Title : Multileaved Comparisons for Fast Online Evaluation

Presenter Anne Schuth
Abstract Evaluation methods for information retrieval systems come in three types: offline evaluation, using static data sets annotated for relevance by human judges; user studies, usually conducted in a lab- based setting; and online evaluation, using implicit signals such as clicks from actual users. For the latter, preferences between rankers are typically inferred from implicit signals via interleaved comparison methods, which combine a pair of rankings and display the result to the user. We propose a new approach to online evaluation called multileaved comparisons that is useful in the prevalent case where designers are interested in the relative performance of more than two rankers. Rather than combining only a pair of rankings, multileaved comparisons combine an arbitrary number of rankings. The resulting user clicks then give feedback about how all these rankings compare to each other. We propose two specific multi- leaved comparison methods. The first, called team draft multileave, is an extension of team draft interleave.
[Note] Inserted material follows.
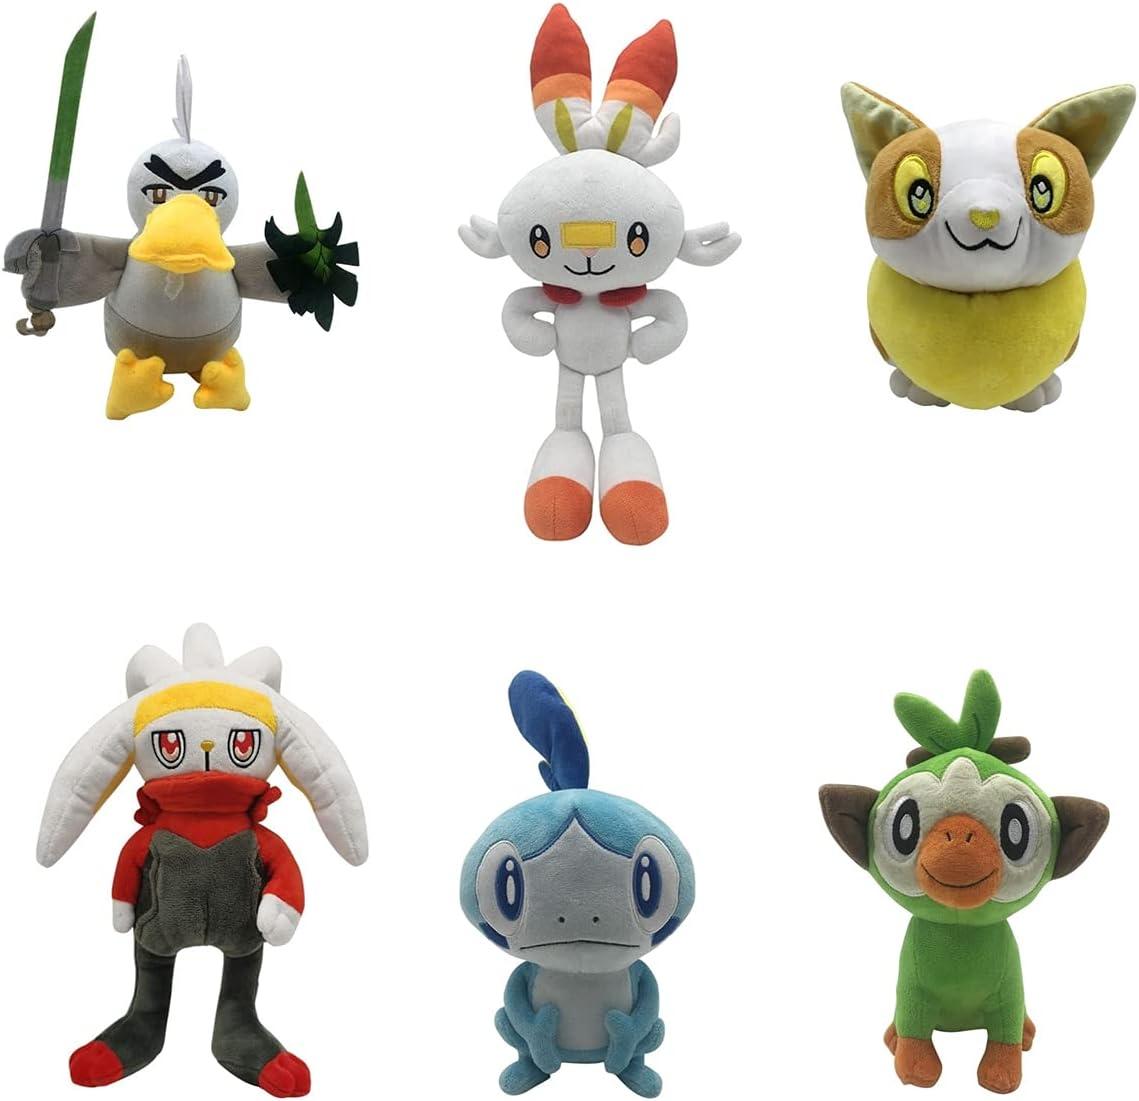 Now free shipping 6Pcs Pokemon Plush Sobble Scorbunny Elf Figure P Max 64% OFF Grookey Cartoon

The second, called optimized multileave, is an extension of optimized interleave and is designed to handle cases where a large number of rankers must be multileaved. We present experimental results that demonstrate that both team draft multileave and optimized multileave can accurately determine all pairwise preferences among a set of rankers using far less data than the interleaving methods that they extend.

Title : Representing the Structure of Images for Language Generation and Image Search

Presenter Desmond Elliott
Abstract One approach to representing images is as a bag-of-regions vector, but this representation discards potentially useful information about the spatial and semantic relationships between the parts of the image. The central argument of the research is that capturing and encoding the relationships between parts of an image will improve the performance of downstream tasks. A simplifying assumption throughout the talk is that we have access to gold-standard object annotations. The first part of this talk will focus on the Visual Dependency Representation: a novel structured representation that captures region-region relationships in an image. The key idea is that images depicting the same events are likely to have similar spatial relationships between the regions contributing to the event. We explain how to automatically predict Visual Dependency Representations using a modified graph-based statistical dependency parser. Our approach can exploit features from the region annotations and the description to predict the relationships between objects in an image. The second part of the talk will show that adopting Visual Dependency Representations of images leads to significant improvements on two downstream tasks. In an image description task, we find improvements compared to state-of-the-art models that use either external text corpora or region proximity to guide the generation process. Finally, in an query-by-example image retrieval task, we show improvements in Mean Average Precision and the precision of the top 10 images compared to a bag-of-terms approach.